The first article seems to indicate that TD exclusively offers collateral mortgages, which (along with the clause you've found), seems to indicate that this *IS* a collateral mortgage you've been offered. I'd try to find out for sure (maybe call TD directly - Canadian Mortgage Trends could probably help you as well), and if it is I'd walk away and find another BROKER.


----------



## Xoron (Jun 22, 2010)

char08 said:


> Hi there,
> 
> My broker recently acquired a mortgage for me from TD Bank and the rate is very attractive. People have warned me about collateral mortgages and how difficult it will be to get out of them. As a result, I had specifically asked for a conventional mortgage.


From what I've read in the past, TD doesn't offer conventional mortgages anymore. Only "readvanceable " mortgages. Here is the article I read back when the changes came into effect.

http://www.canadianmortgagetrends.c...d-mortgages-to-become-collateral-charges.html


----------



## char08 (Oct 10, 2012)

Thank you both for your advice. The articles are very helpful.
I will contact my broker and see what other options are.

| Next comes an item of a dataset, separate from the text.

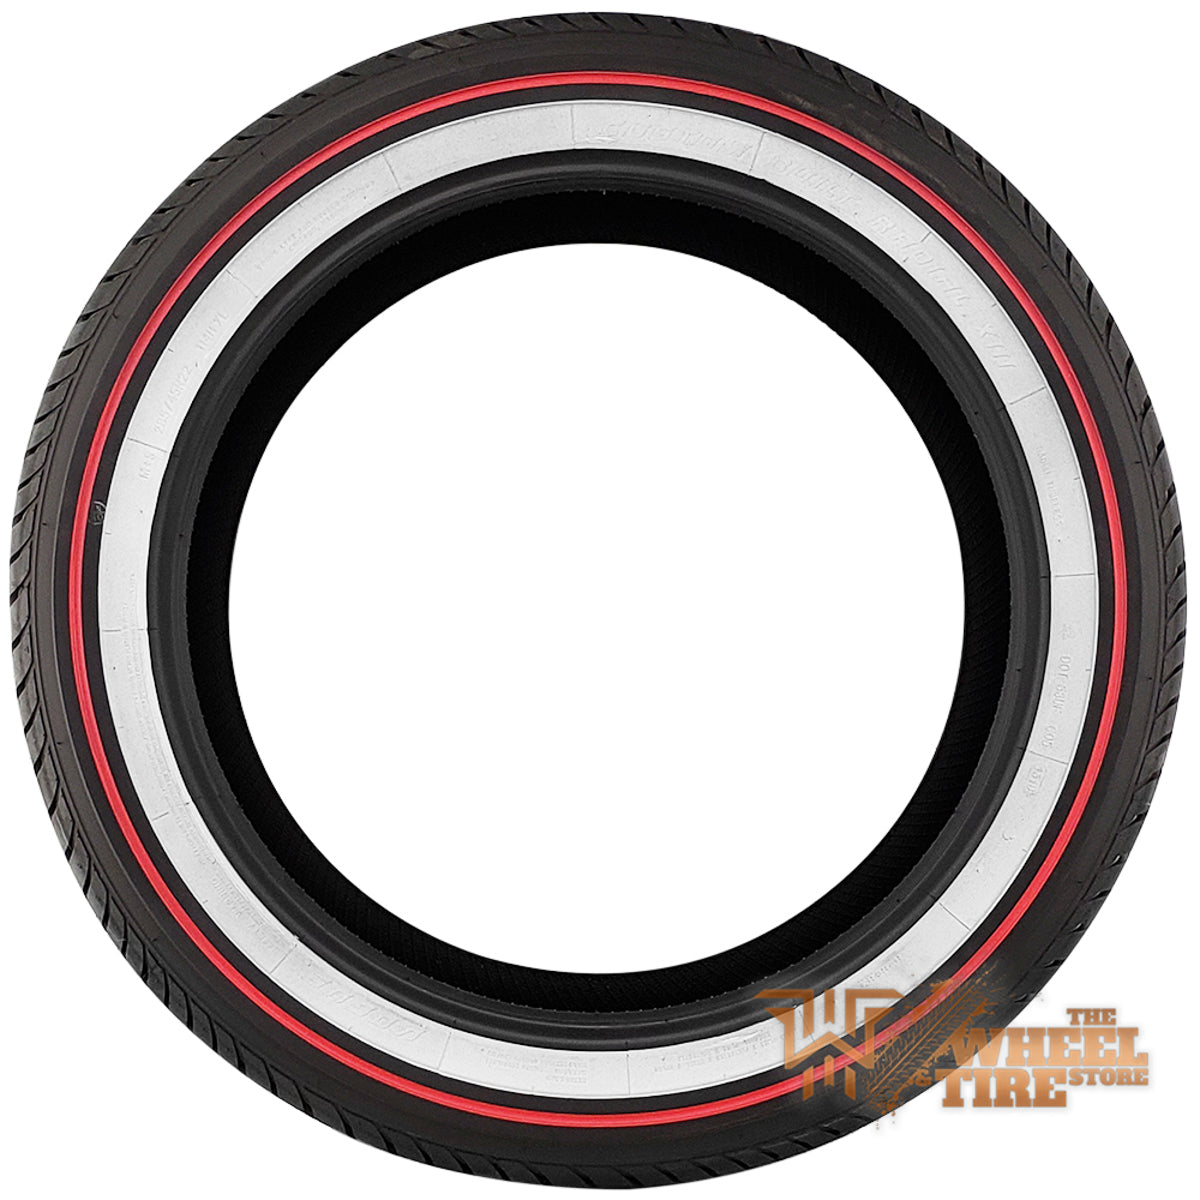 VOGUE Tyre Custom Built Radial VIII All-Season RED Stripe White Wall Tire Set of 4 FREE SHIPPING!

Just out of curiosity, does anyone know how much it roughly costs to discharge and transfer the collateral mortgage upon renewal? (eg. discharge fee, legal costs and etc.)


----------



## dougboswell (Oct 25, 2010)

char08 said:


> Hi there,
> 
> My broker recently acquired a mortgage for me from TD Bank and the rate is very attractive. People have warned me about collateral mortgages and how difficult it will be to get out of them. As a result, I had specifically asked for a conventional mortgage.
> 
> ...


From Moneyville.ca. It is registered as a collateral. The advantage to the bank is that a collateral agreement makes it harder for you to leave because it interlocks your lending. As Toronto real estate lawyer Mark Weisleder, a Moneyville columnist, points out, a collateral mortgage secures all debt held with that lender under one agreement. So a line of credit, a credit card, car loan or any personal loan will all be secured by the same agreement.

Most banks do not allow transfers of collateral mortgages because they are tied to other consumer loans. This means that at the end of your five-year term, you have to pay discharge fees to get out of one mortgage and additional fees to register a new one at another financial institution. On the other hand, a conventional mortgage is easy to transfer when the term is up.

Basically at the end of term they will offer you a renewal rate which may be competitive or it could be higher than rates from other lenders. It will cost you money to go to a different lender,


----------



## themortgageguy (Jun 28, 2012)

TD typically does register all of the mortgages they write as collateral. The issue I have is that lenders that provide collateral charge mortgages do not explain them clearly to the client and what the outcomes could be. I recently had a client that needed to access funds. He had plenty of equity in two properties that he owned but they have been registered by TD as collateral and at 125% of the value of the properties and therefore there was no equity available for other lenders to lend against.

That being said, I _think_ you can request your mortgage to be a standard charge mortgage. However I would absolutely ask your broker to contact the TD underwriter he is working with and get confirmation in writing that the mortgage is not collateral charge. Also don't wait until the last minute to get the mortgage documents to your lawyer for review.

It would seem from your mortgage documents that the mortgage is still collateral charge, but only registered for the amount of the mortgage you are requesting, however there are still there are still the other characteristics of a collateral charge to pay attention to.

Ask a lot of questions and get answers in writing. Is there a reason your broker took your mortgage to TD? Are the rate or mortgage features exceptional?


----------



## Eclectic12 (Oct 20, 2010)

themortgageguy said:


> ... Ask a lot of questions and get answers in writing. Is there a reason your broker took your mortgage to TD? Are the rate or mortgage features exceptional?


A good question to ask!

Having used mortgage brokers twice - the closest to a big five bank mortgage that's been on the short list has been the lessor known subsidiary that deals only in mortgages or an insurance company bank. So it is strange to me to hear of broker that went with that route.

The several co-workers who have discussed their mortgage brokers short list with me also did not have any of the big five banks on their list either.


Cheers


----------